Check your Ollama version against these issues. If your version is mentioned as fixed, you should not hit the bug. If not, use the conservative num_gpu workaround above.
When the fix is an upgrade
Be honest with yourself. If you have:
- A 12 GB RTX 3060 trying to run a 13B model at Q8_0 (which needs ~14 GB just for weights).
- A single 8 GB card trying to run anything larger than a 7B Q4_K_M model.
- A genuine VRAM need (weights + KV cache + offloading headroom) that exceeds your card’s capacity at all reasonable quantizations.
Then no setting adjustment will help. The fix is one of:
- Downquantize — use Q4_K_M instead of Q8_0 or Q6_K. Smaller footprint, slightly lower quality.
- Downsize the model — switch to a 7B instead of 13B, or 13B instead of 70B. Smaller model, faster too.

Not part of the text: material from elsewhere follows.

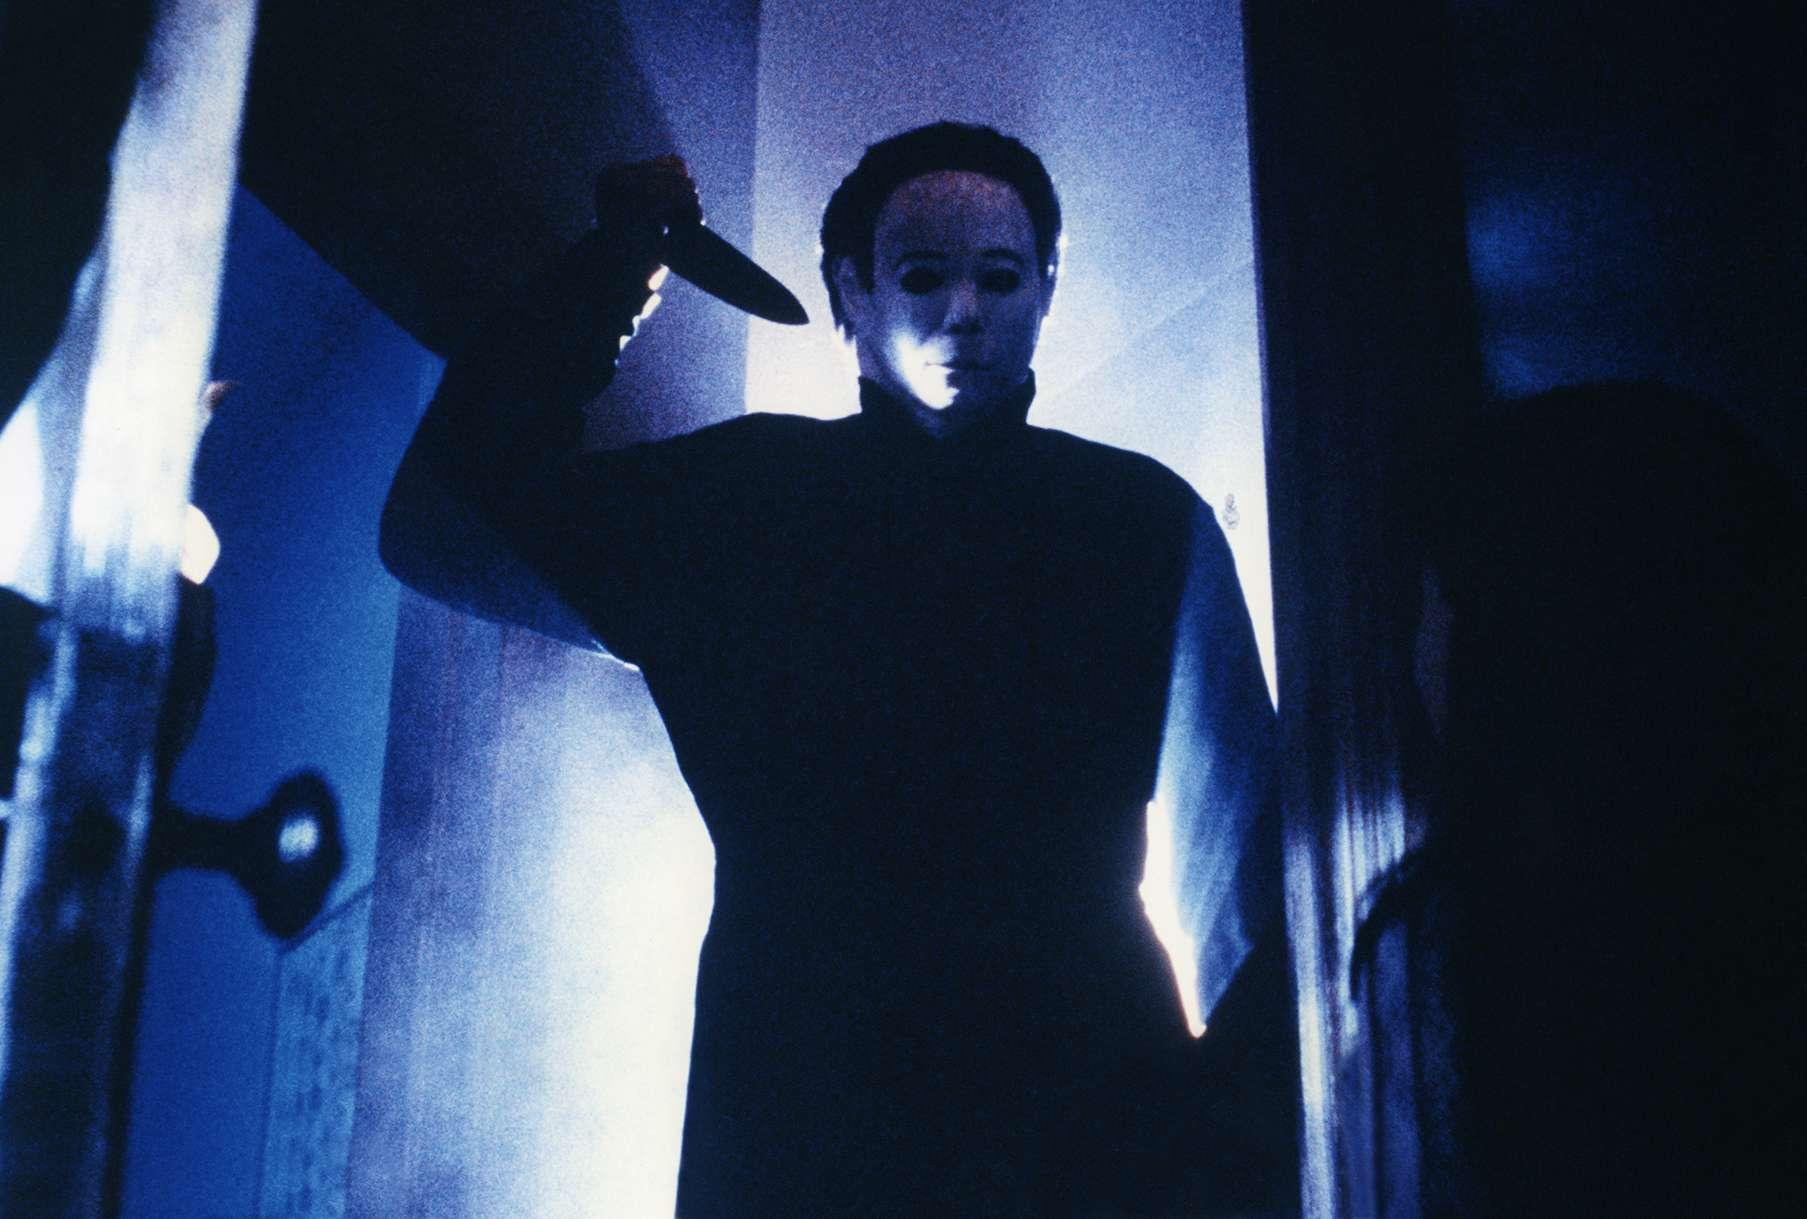 Actor Tony Moran on the set of Halloween

- Add VRAM — if you are a few gigabytes short, a second used GPU (like a used RTX 3090) fills the gap. If the model fundamentally exceeds 24 GB, you are in 70B+ territory and the economics shift. Check out rent vs. buy for GPU break-even to see whether renting makes sense.

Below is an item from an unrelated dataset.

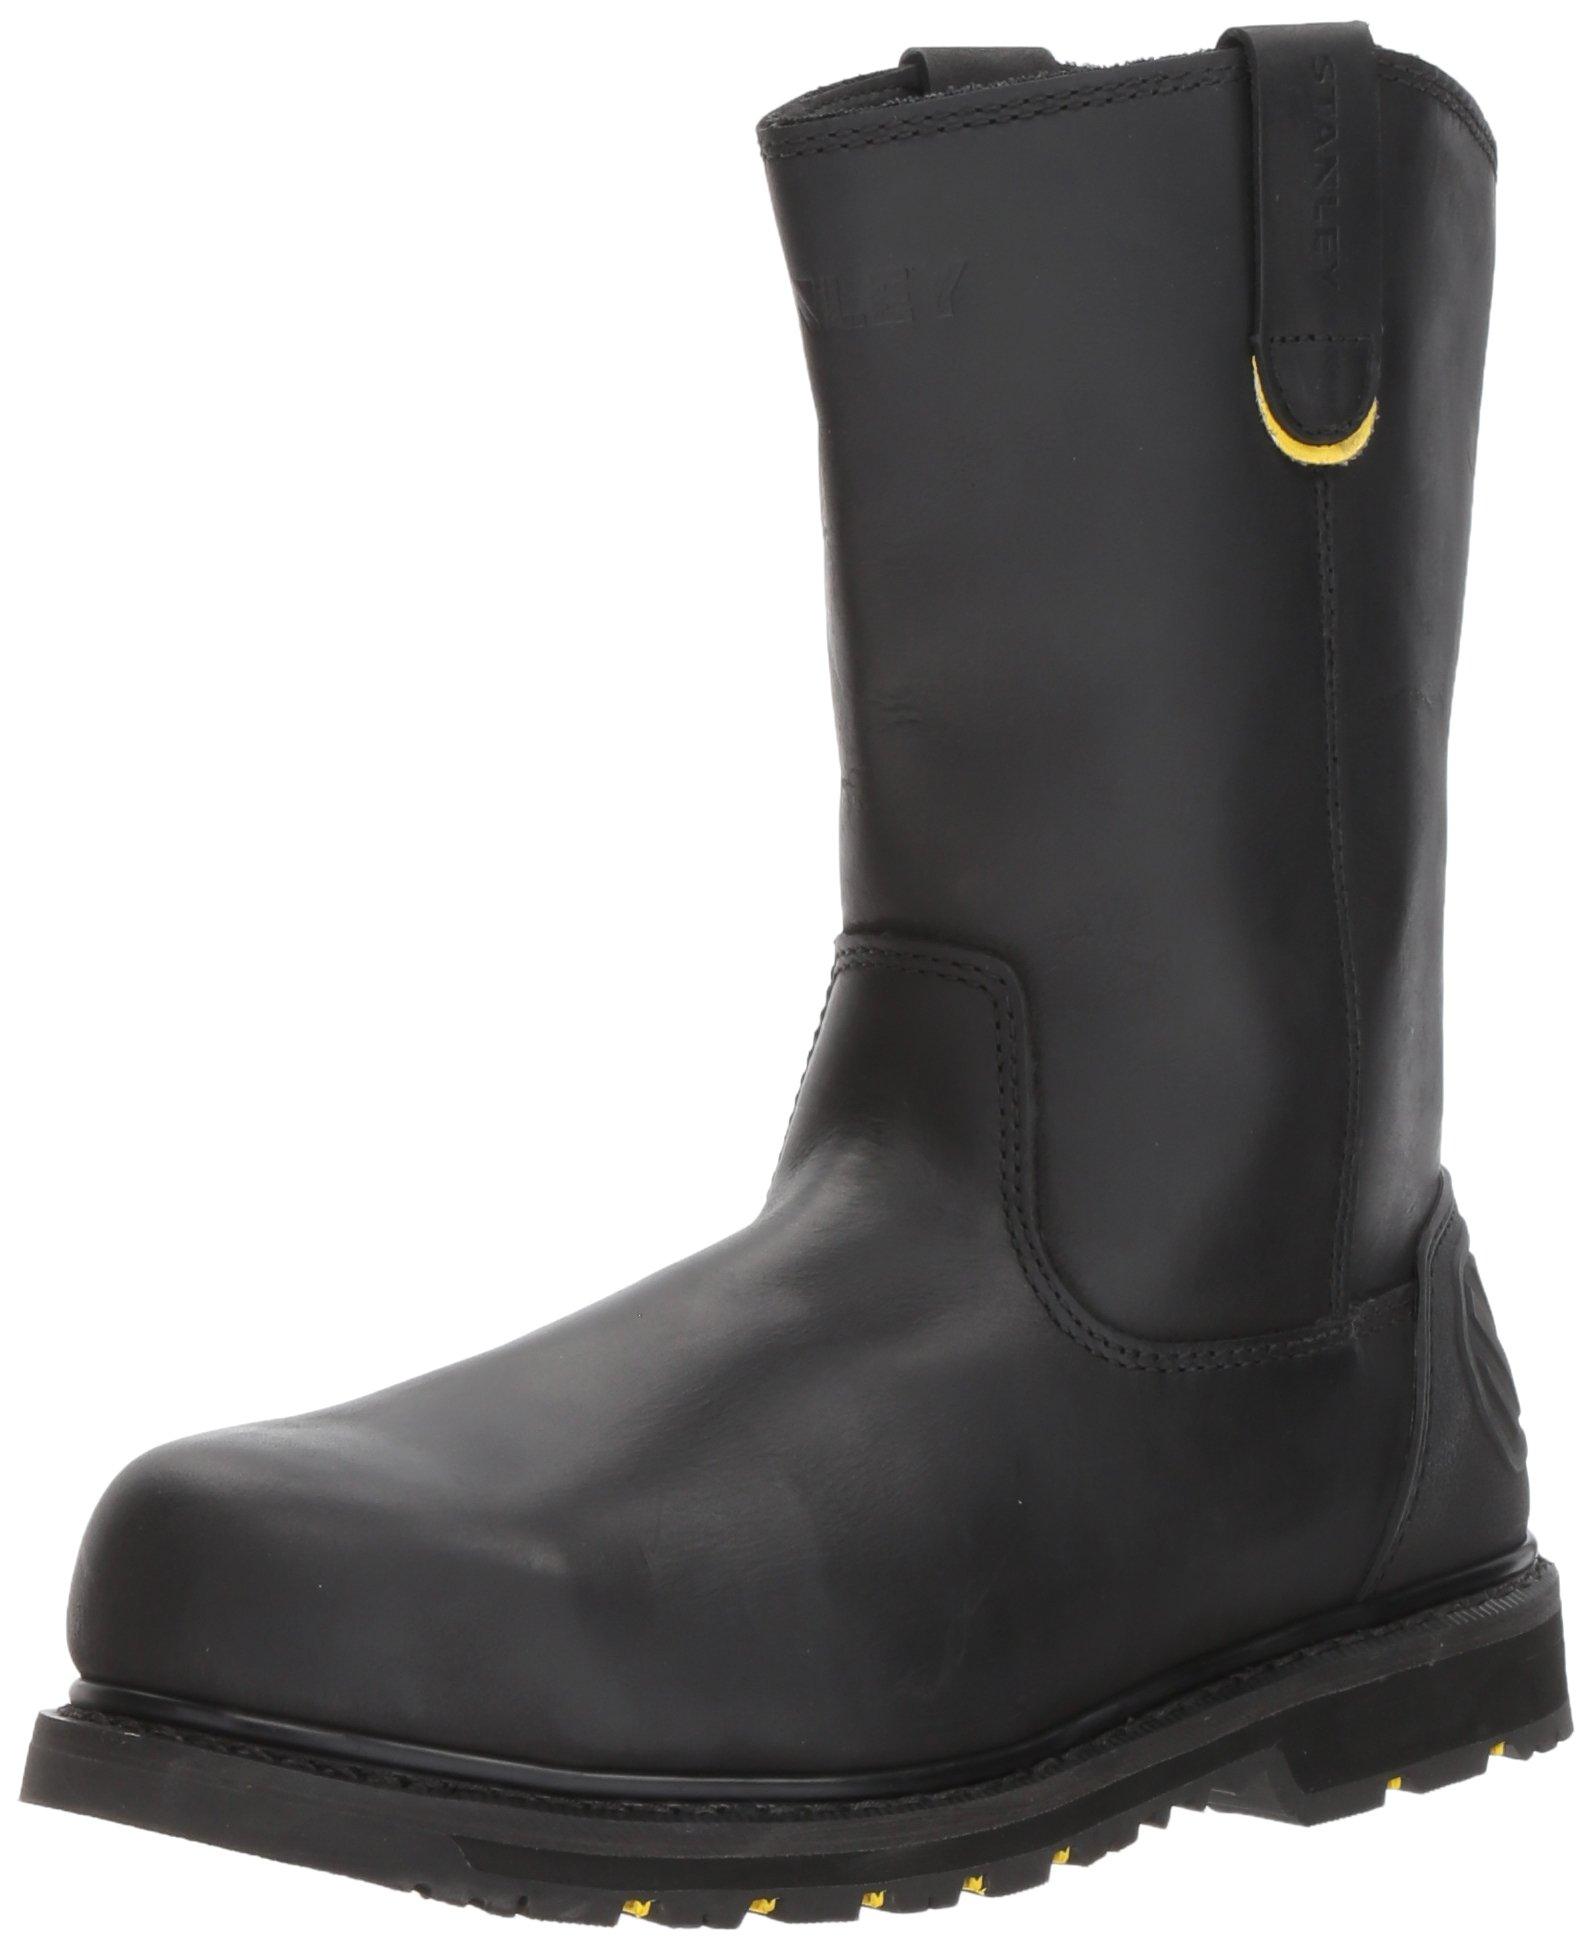 Stanley Men's Dropper 2.0 Steel Toe Industrial and Construction Shoe, Black, 11 M US

The VRAM calculator and which quant should I download are your friends here. Use them before deciding you need to upgrade.
Checking what is actually happening
Create a test Modelfile with explicit settings:
FROM llama2
PARAMETER num_predict 512
PARAMETER num_gpu 10
Run Ollama in verbose mode to see what happens during load:
OLLAMA_DEBUG=1 ollama run test-model "test prompt"
Watch the logs. You will see:
- How many layers are being offloaded.
- Whether both GPUs (if you have two) are being used.
- Memory allocation during load and inference.
Share these logs (without sensitive data) if you file a GitHub issue.
Bottom line
Ollama’s “out of memory” error with free VRAM is a real problem, but it almost always traces back to one of four causes:
- KV cache inflated by a long context — reduce
num_predict. - Too many layers offloaded — lower
num_gpu. - Multi-GPU misallocation bug — use conservative offloading and check the GitHub issues.
- Model genuinely does not fit — downquantize or downsize the model.
Start with the diagnosis flowchart. Test each fix in order (context, then offloading, then multi-GPU workaround, then quantization). If you hit the third branch and find you have a genuine VRAM shortfall, that is honest information and worth using before you decide to buy hardware. The tool ecosystem (VRAM calculator, build planner) exists to keep you from buying wrong.